Mit der Weise, wie das Hilfsprogramm konzipiert worden ist, kann der Ifo-Chef allerdings sehr gut leben. Durch die Beteiligung der Inhaber großer zypriotischer Bankkonten sei „der verhängnisvolle Trend zur Sozialisierung der Schulden gebrochen“ worden. Und zu verdanken habe man das ausgerechnet jenem Mann, auf den es seit Tagen aus diversen Hauptstädten Kritik hagelt: Euro-Gruppen-Chef Jeroen Dijsselbloem.

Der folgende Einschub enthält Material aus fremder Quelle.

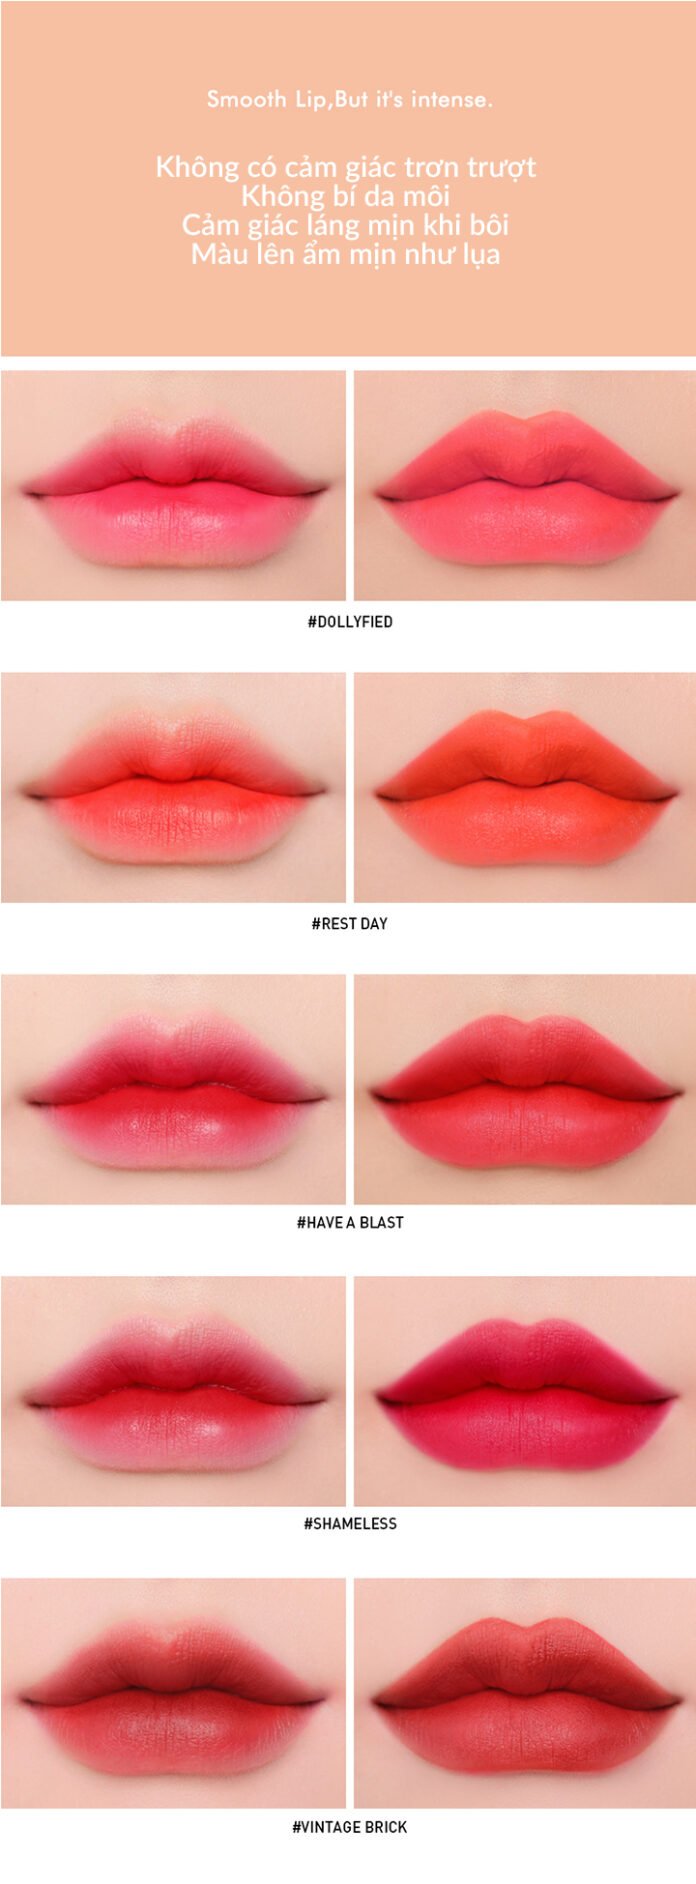 Bảng màu son 3CE Smoothing Lip Tint có các tông màu đảm bảo phù hợp sở thích của các nàng (nguồn: Internet)
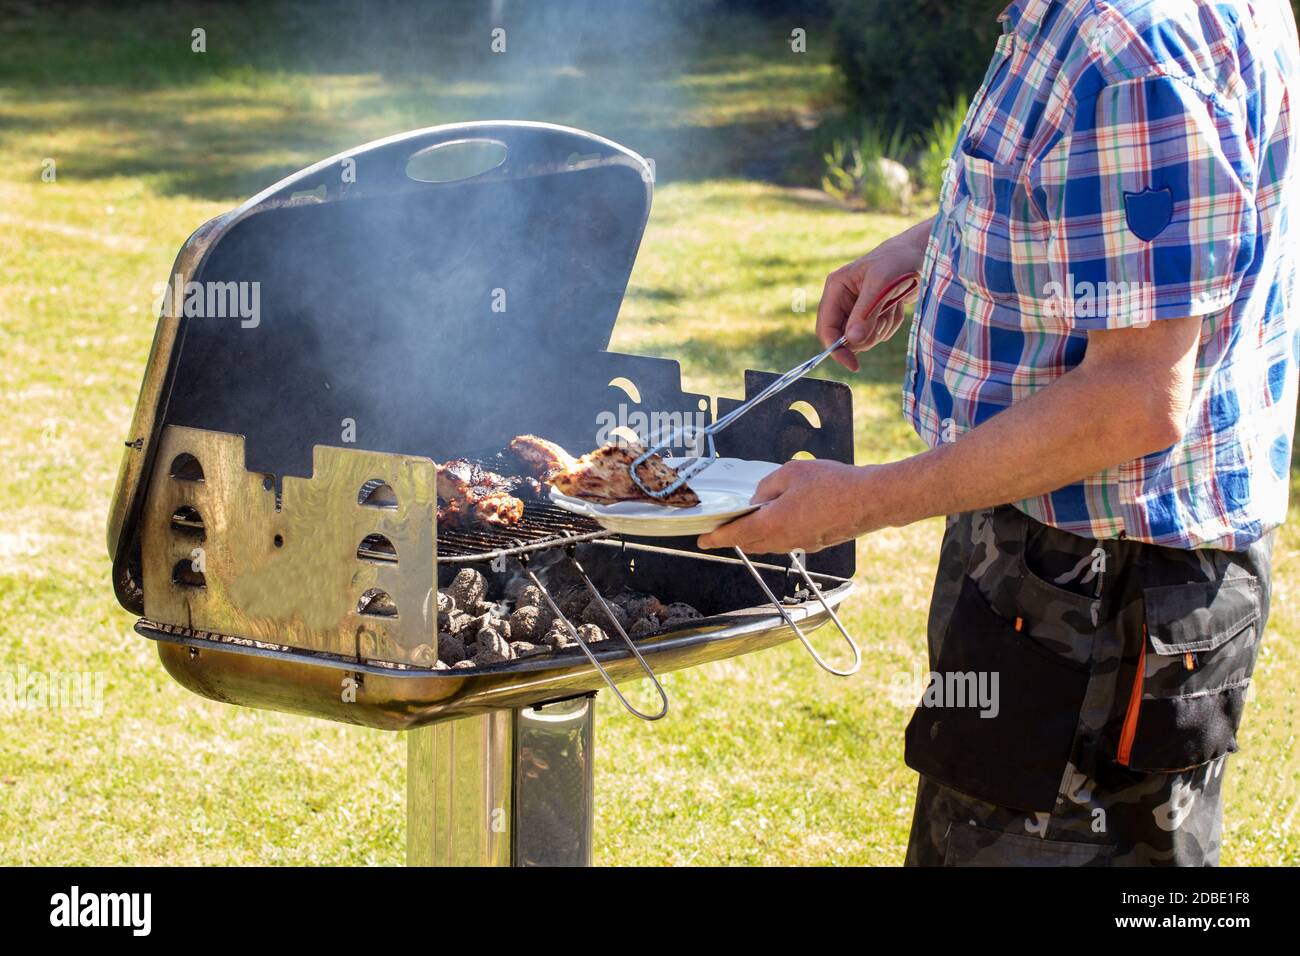 Ein Mann am Holzkohlegrill grillen Steaks, Grillwürste und Hühnerflügel und  benutzen Grillzangen. Selektiver Fokus auf den Grill gegen eine gree  Stockfotografie - Alamy

Seit der Niederländer in einem Interview gesagt hat, die Abwicklung zypriotischer Banken könnte Vorbildcharakter haben, ist die Union in zwei Lager gespalten: Während die einen (wie beispielsweise Binnenmarktkommissar Michel Barnier am Donnerstag) Dijsselbloem beipflichten, betonen die anderen, dass Zypern ein europäischer Einzelfall sei, der sich nicht wiederholen werde – bzw. dürfe, denn ansonsten würde ein europaweiter Bank Run drohen. Oder, um mit den Worten von Dijsselbloems Vorgänger, Jean-Claude Juncker, zu sprechen: „Es gibt keine Blaupause.“

„Geld wächst nicht auf Bäumen“

Sinn gehört eindeutig zum ersten Lager. „Dijsselbloem hat es außerordentlich gut gemacht. Er hat den Kapitalmärkten signalisiert, dass Geld nicht auf den Bäumen wächst.“ Soll heißen: Ein Fall wie Irland, wo 2008 die Steuerzahler für die Finanzierungslücken der irischen Banken haften mussten, dürfe sich nicht mehr wiederholen. „Denn sonst schaffen wir einen Brandkanal von den Banken Südeuropas zu den noch gesunden Ländern der Union.“ Schließlich hätten die Finanzinstitute in den Krisenländern – und dazu zählt Sinn auch Italien – Schulden von 9200 Milliarden Euro angehäuft. „Man kann doch nicht fordern, dass die Steuerzahler das alles übernehmen.“

Ist also Italien der nächste Patient, dem die zypriotische Rosskur verschrieben werden sollte? Nicht nach Ansicht des Ifo-Direktors. „Die Italiener haben das Bankensystem erfunden und kommen damit einigermaßen klar.“

Die Kritik, dass Zyperns Bankkunden unverdienterweise zum Handkuss kommen, will Sinn nicht stehen lassen: „Wer nicht weiß, dass ein Sparer der Gläubiger seiner Bank ist, der tut mir leid.“ Auch dass bei den zwei größten Banken der Insel Guthaben über 100.000Euro nun geschoren werden, sieht der Ifo-Chef entspannt: „Das waren reine Investitionen im Sinne einer Portfolio-Optimierung.“

„Eine Insel mit vielen Booten“

Damit diese Portfolio-Investitionen nun nicht Reißaus nehmen, hat Nikosia strenge Kontrollen des Kapitalverkehrs eingeführt, die vorerst bis nächste Woche gelten sollen. Sinn geht allerdings davon aus, dass die Kontrollen noch lange aufrechterhalten werden müssen – sonst würden „russische Oligarchen die EZB grenzenlos ausnützen“. Daran, dass diese Kontrollen wasserdicht sein werden, hat der Ökonom allerdings so seine Zweifel: „Wissen Sie, Zypern ist eine Insel mit vielen Booten.“

Auf einen Blick

Hans-Werner Sinn, 1948 in Brake in Westfalen geboren, gilt als einer der bekanntesten Volkswirte Deutschlands. Er ist Professor für Nationalökonomie an der Ludwig-Maximilians-Universität in München und hatte Gastprofessuren unter anderem in Princeton, Stanford und an der London School of Economics. Seit 1999 leitet Sinn das Münchener Ifo-Institut, das für seinen gleichnamigen Konjunkturindex bekannt ist.